Threads, themes and characters in Brixton Beach seem familiar from Tearne's earlier writing. Alice is a gifted and exuberant nine-year old, daughter of a Singhalese mother and Tamil father, when she arrives in Britain in the late 1960s just as the civil war in Sri Lanka is taking hold. Her mother, traumatised by the stillbirth of her second daughter and the death of a close friend, finds Britain unbearably cold. Worse still, Alice's father Stanley has turned into an unlikely lothario, flitting between the bed of an English civil servant and a Tamil spiritual leader. The marriage and family life founder.

This Brixton is devoid of pleasure so Alice works hard to find it through her art, the legacy of her Singhalese grandfather Bee Fonseka, who is grieving her departure. Here Tearne has taken a bold step by portraying Bee as a political figure who risks his life to help Tamil victims of the terror spreading across the island, with "ghost-people disappearing softly through the rustling trees, voiceless and despairing".
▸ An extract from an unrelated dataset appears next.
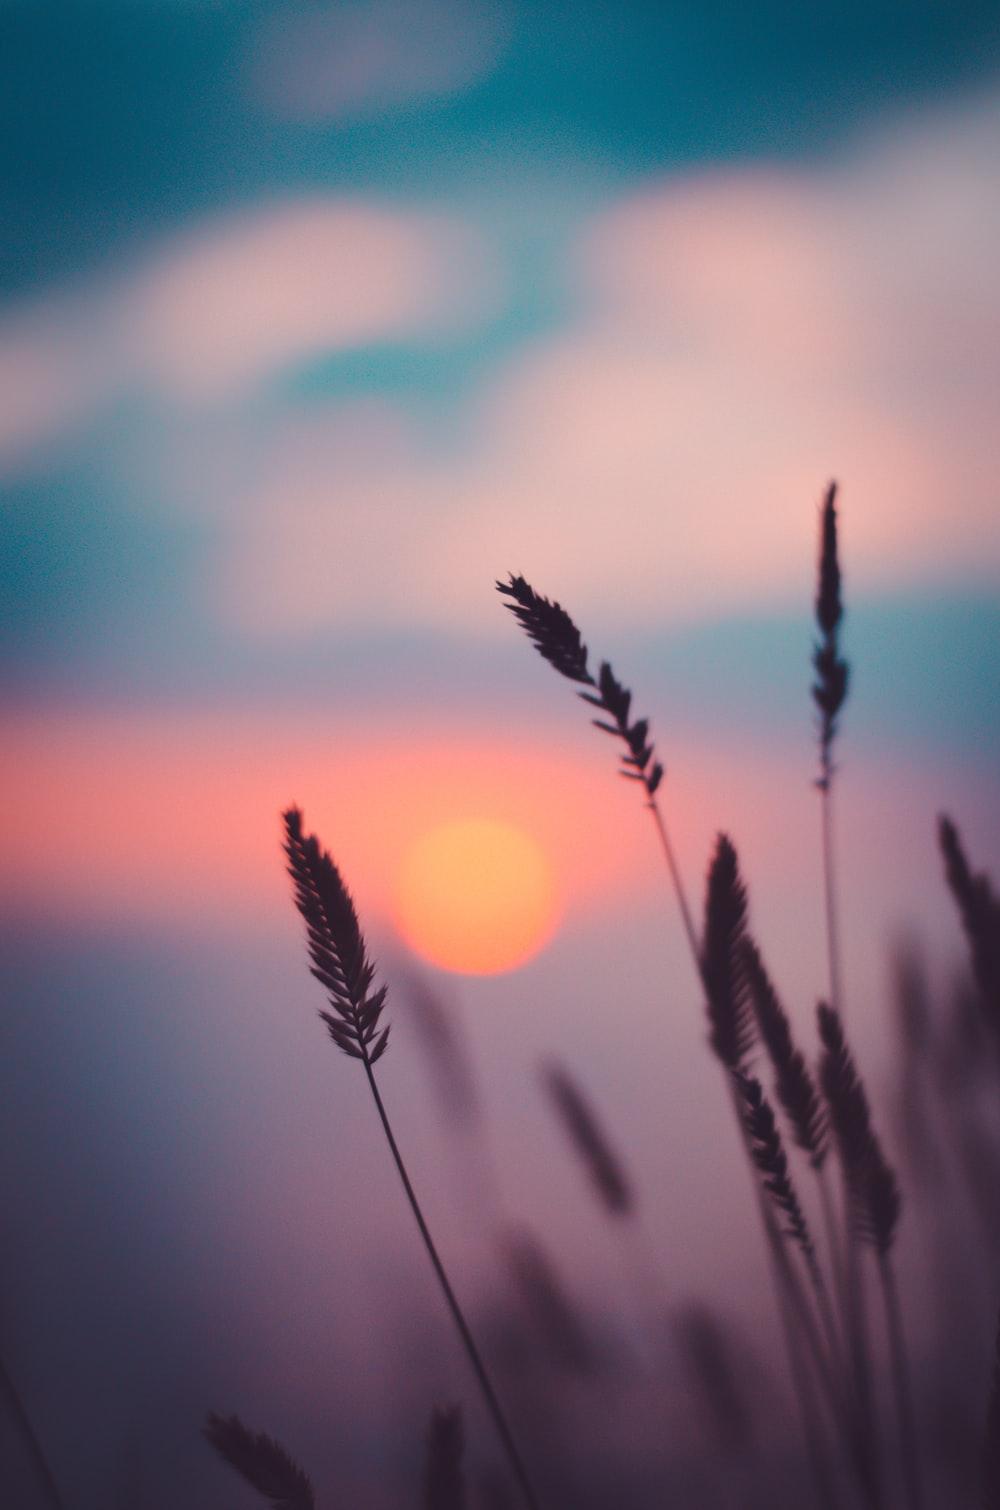 12+ Sunset Images [Stunning]   Download Free Images on Unsplash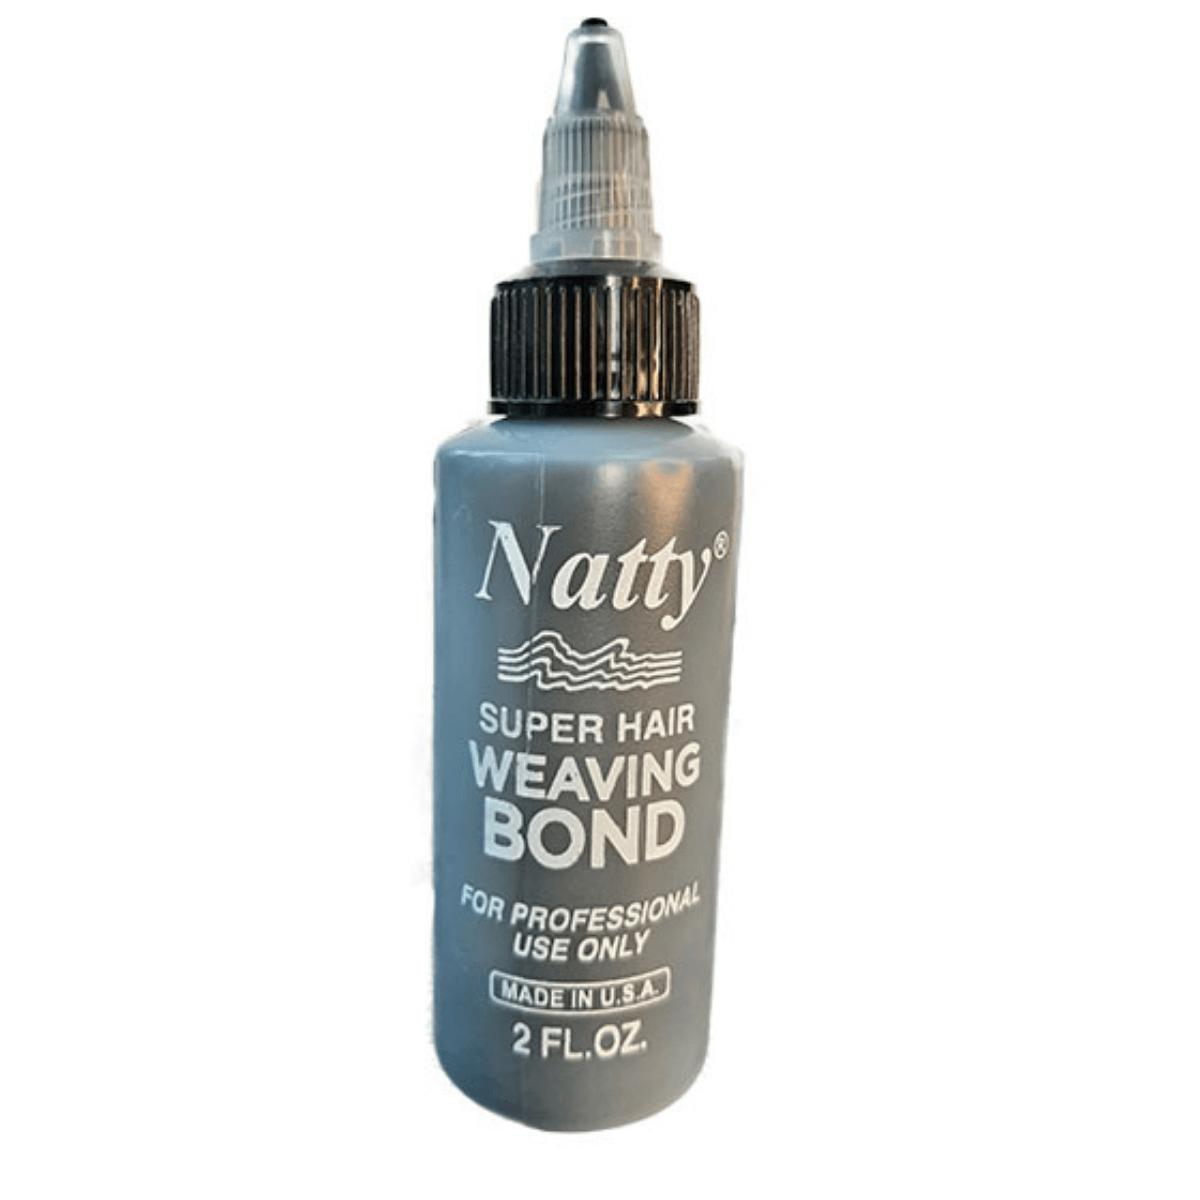 COLA NATTY - SUPER HAIR WEAVING BOND

Born of parents whose relatives are at war, Alice feels alienated from both and struggles to find her own identity in London. There is relief from this emotional turmoil in Tearne's landscapes, from which Alice and her grandfather draw their spiritual sustenance. Like Tearne's paintings (she is also an accomplished artist and has mounted exhibitions in London and Oxford to coincide with the novel's publication), they are delicately and finely wrought.

The impact of civil war on those considered lucky enough to have emigrated is poignant. Haunted by the loss of her infant, Alice's mother Sita degenerates, losing her memory and becoming obsessed with dolls, tragic symbols of her unresolved grief. But the little white coffins she fashions echo the corpses that Bee sees washing up on the beautiful beaches of Alice's childhood. In both cases the dead remained unburied and improperly mourned.

Tearne takes another writerly risk here by opening the novel on 7 July 2005. Like Ian McEwan in Saturday she has a surgeon, Simon Swann, caught up in the events, searching for his lover amid the chaos. This is a tough challenge, as every Londoner has their own vivid memories of the victims stumbling from the underground and neighbourhoods festooned with yellow tape. But Tearne pulls it off because so much of the novel is deeply grounded in the slow eruption of violence in Sri Lanka, so that the terrorist attack seems part of a larger global conflict.

Although the novel's plot perhaps suffers from borrowing from her previous works, Tearne is a vividly sensitive writer who spares her readers unnecessary sentiment and hones in on raw emotions just below the surface. The refugee in all of us can recognise the desperate desire to belong and the sometimes terrible price we pay for it.